* _REQUIRED ACTION_: Your copy of the listing should be exact and should contain no pictures.

═══ STORED DATA ═══

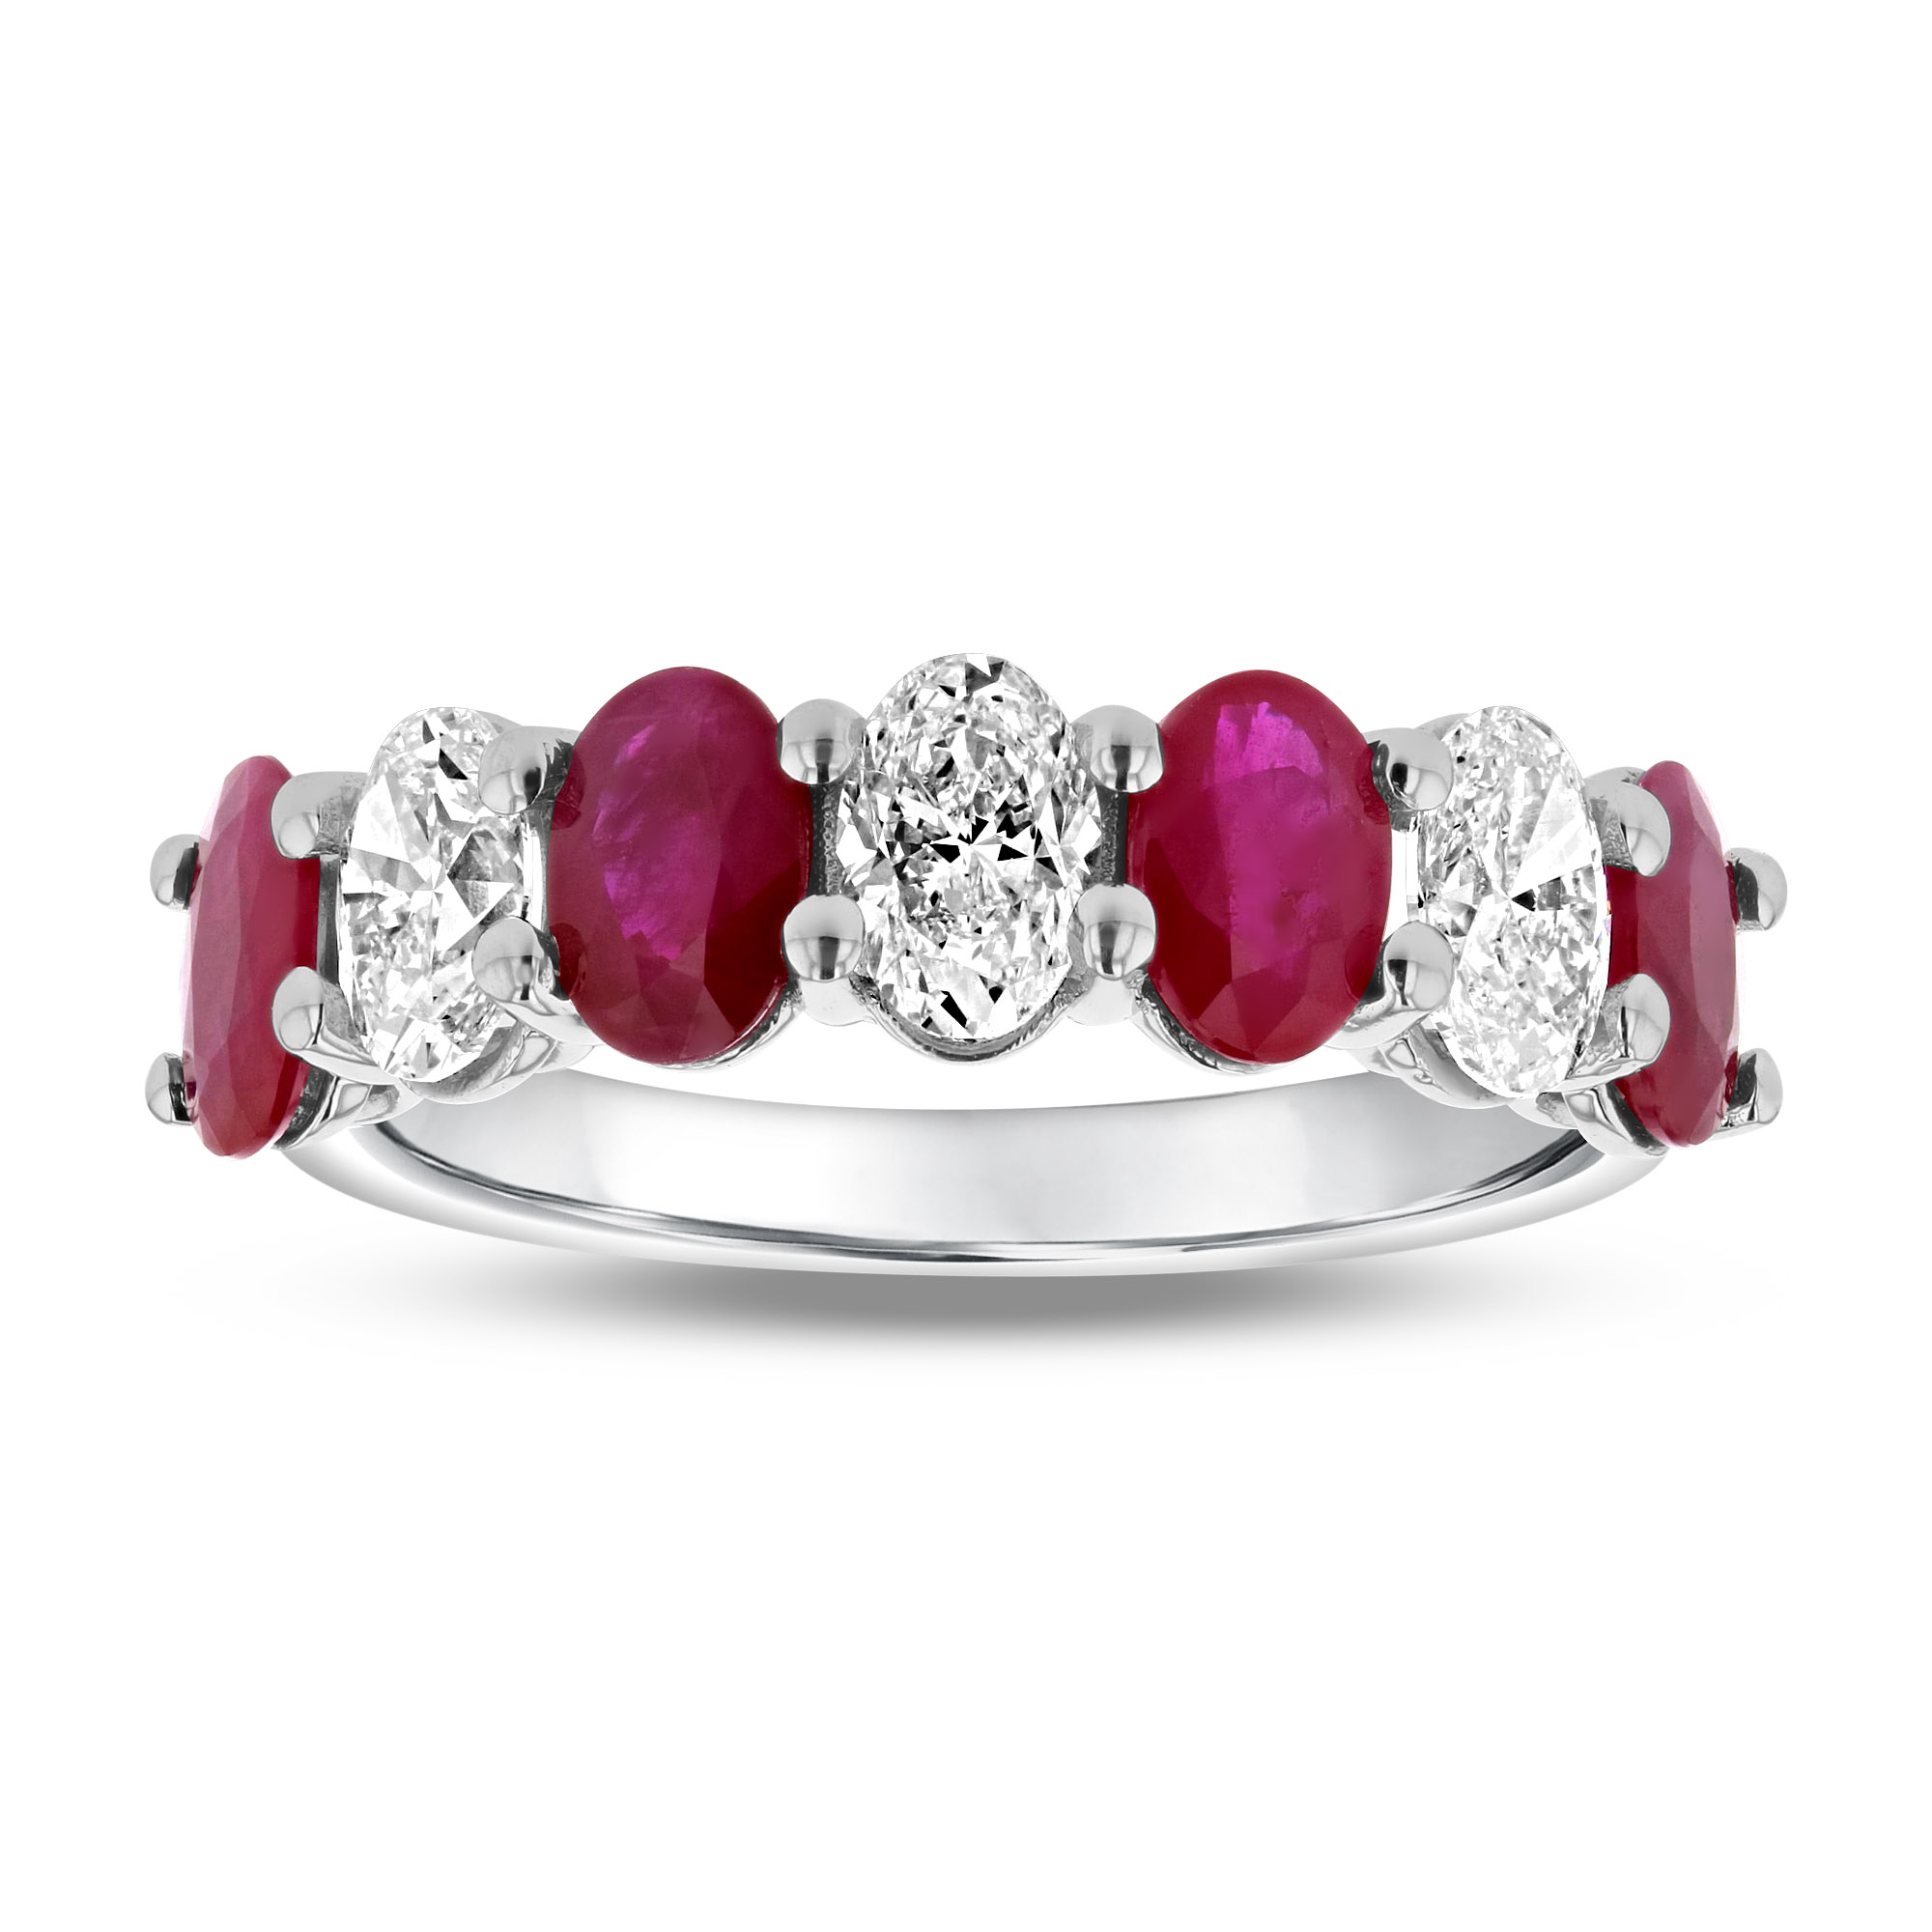 View 1.20ctw Diamond and Ruby Band in 14k White Gold 
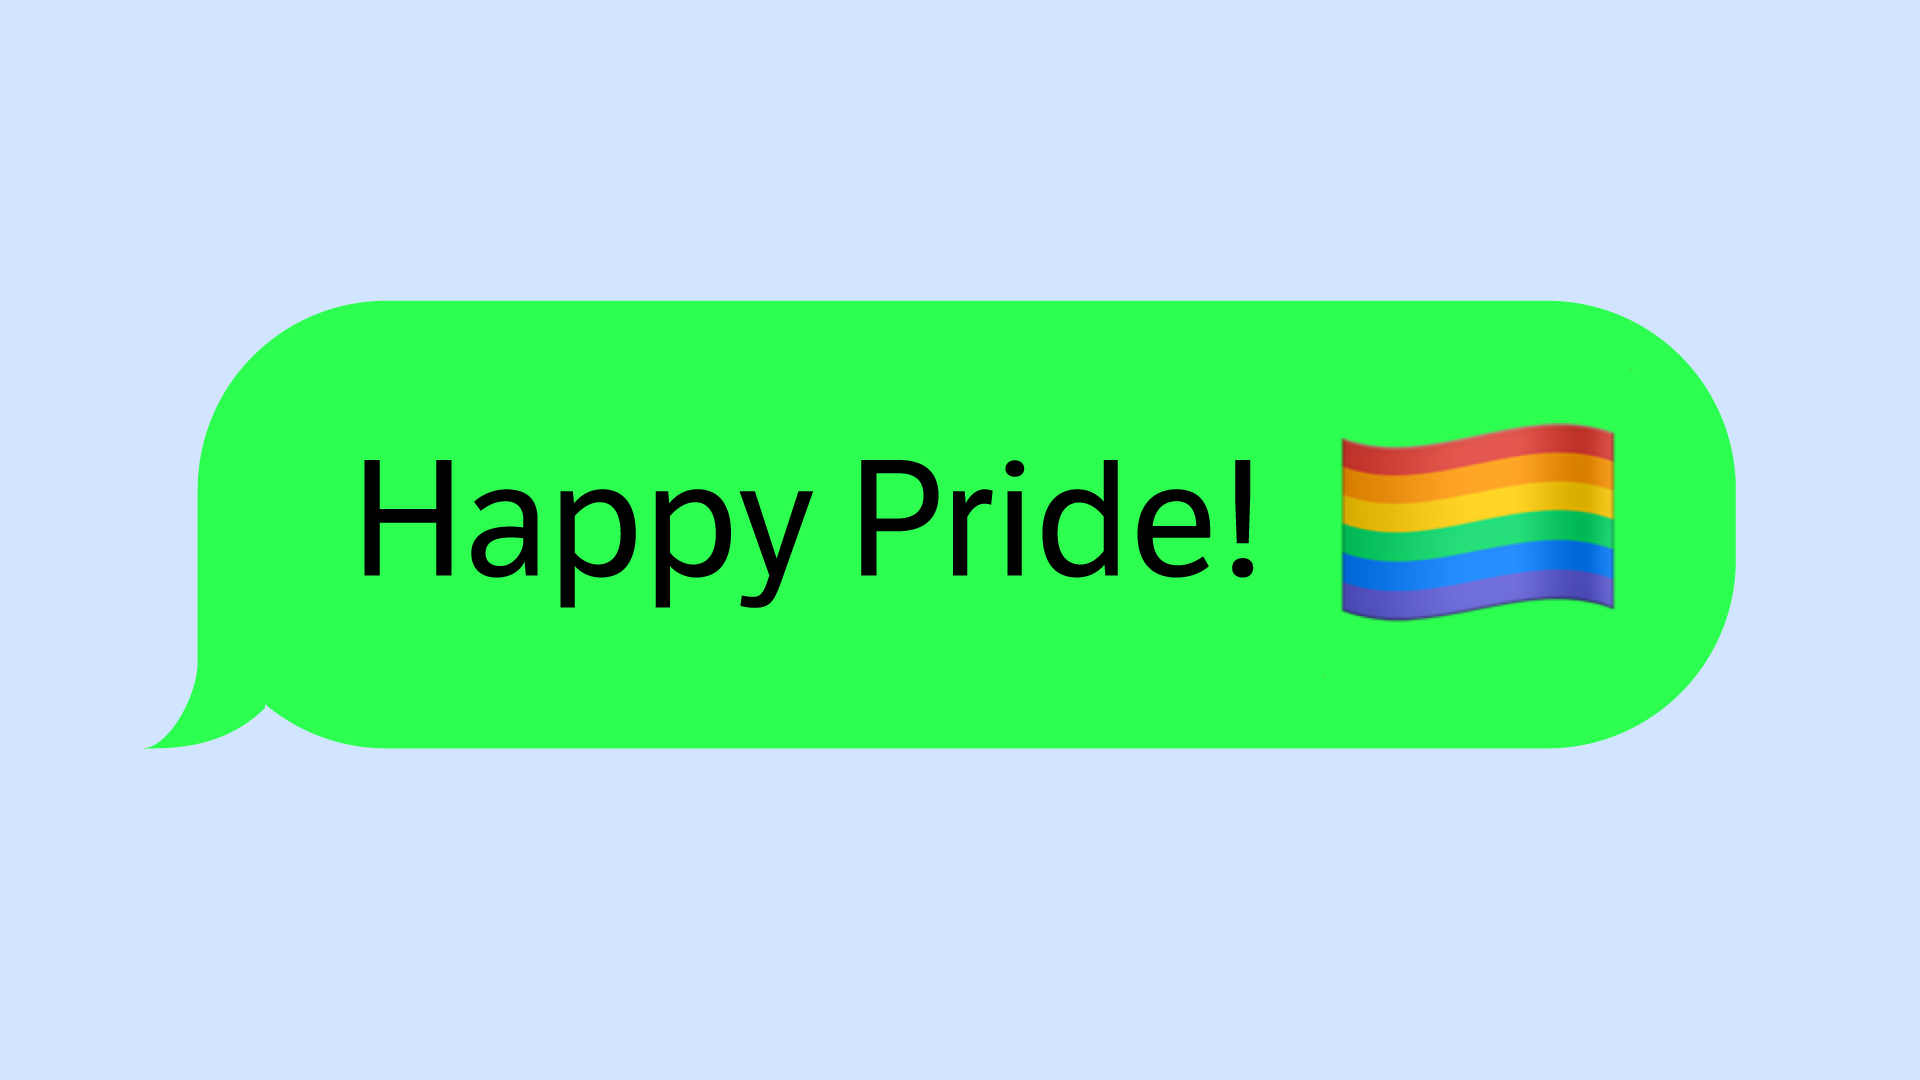 What's The Story Behind The 🏳️‍🌈 Rainbow Flag Emoji?
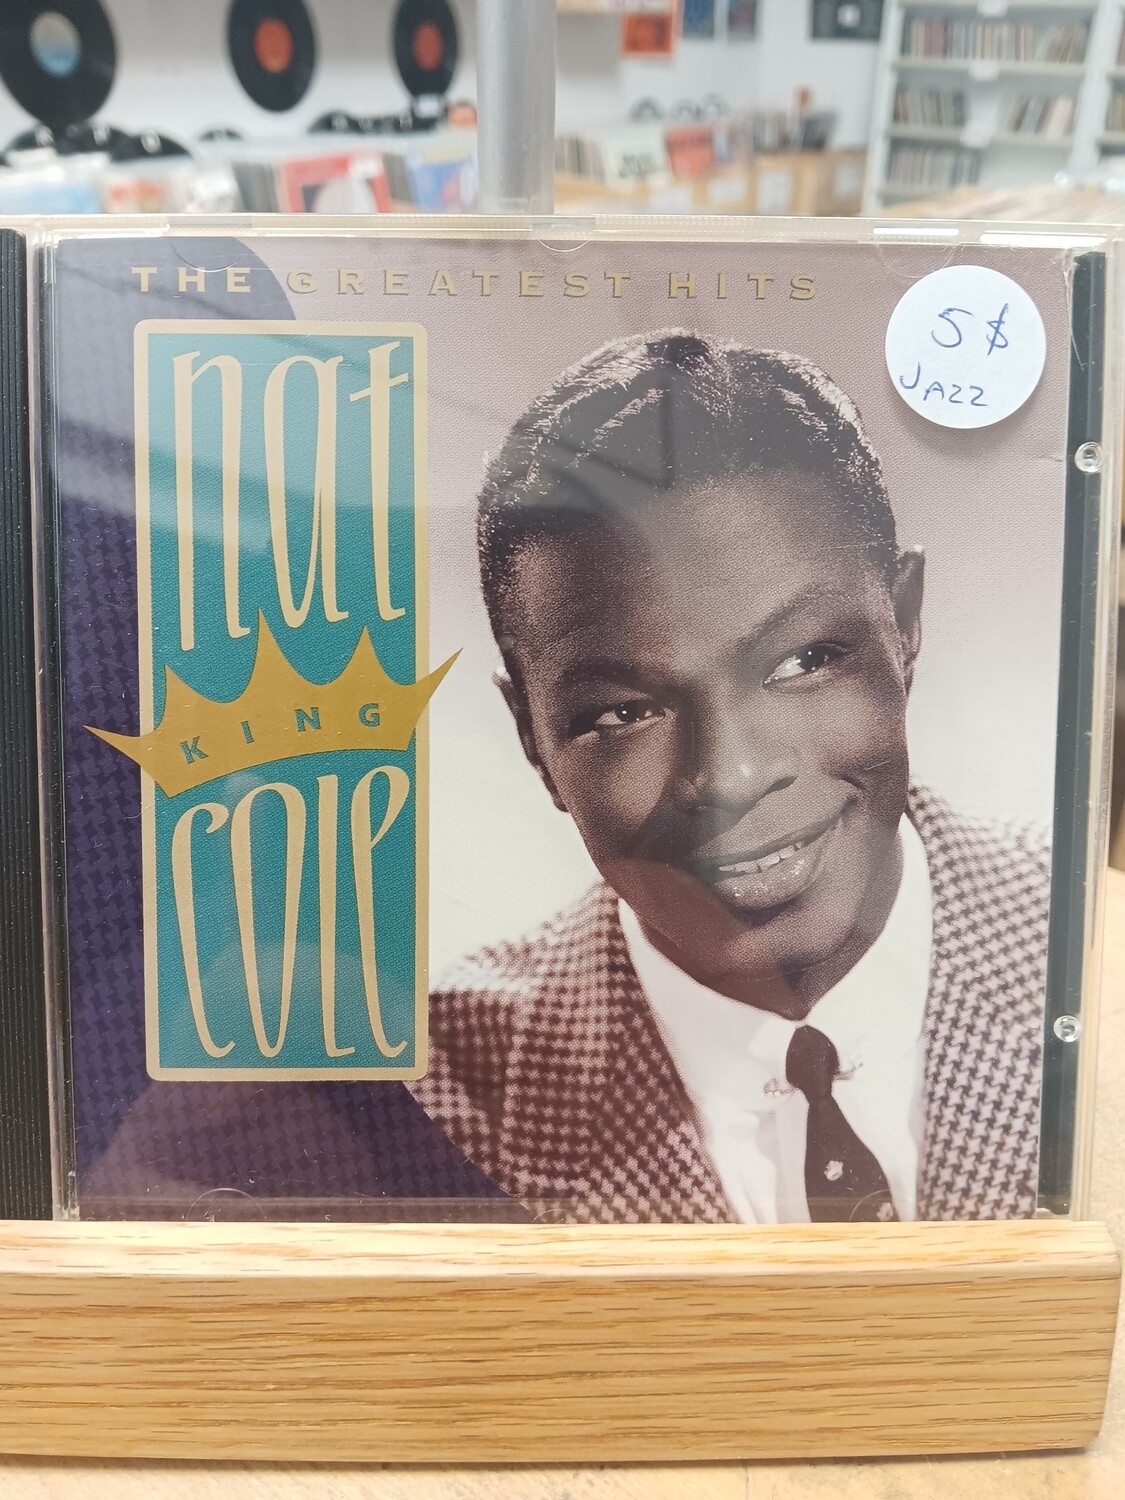 NAT KING COLE - The Greatest Hits (CD)

═══

* _WRITTEN ANSWER_:
 View 1.20ctw Diamond and Ruby Band in 14k White Gold 
 What's The Story Behind The 🏳️‍🌈 Rainbow Flag Emoji?
 NAT KING COLE - The Greatest Hits (CD)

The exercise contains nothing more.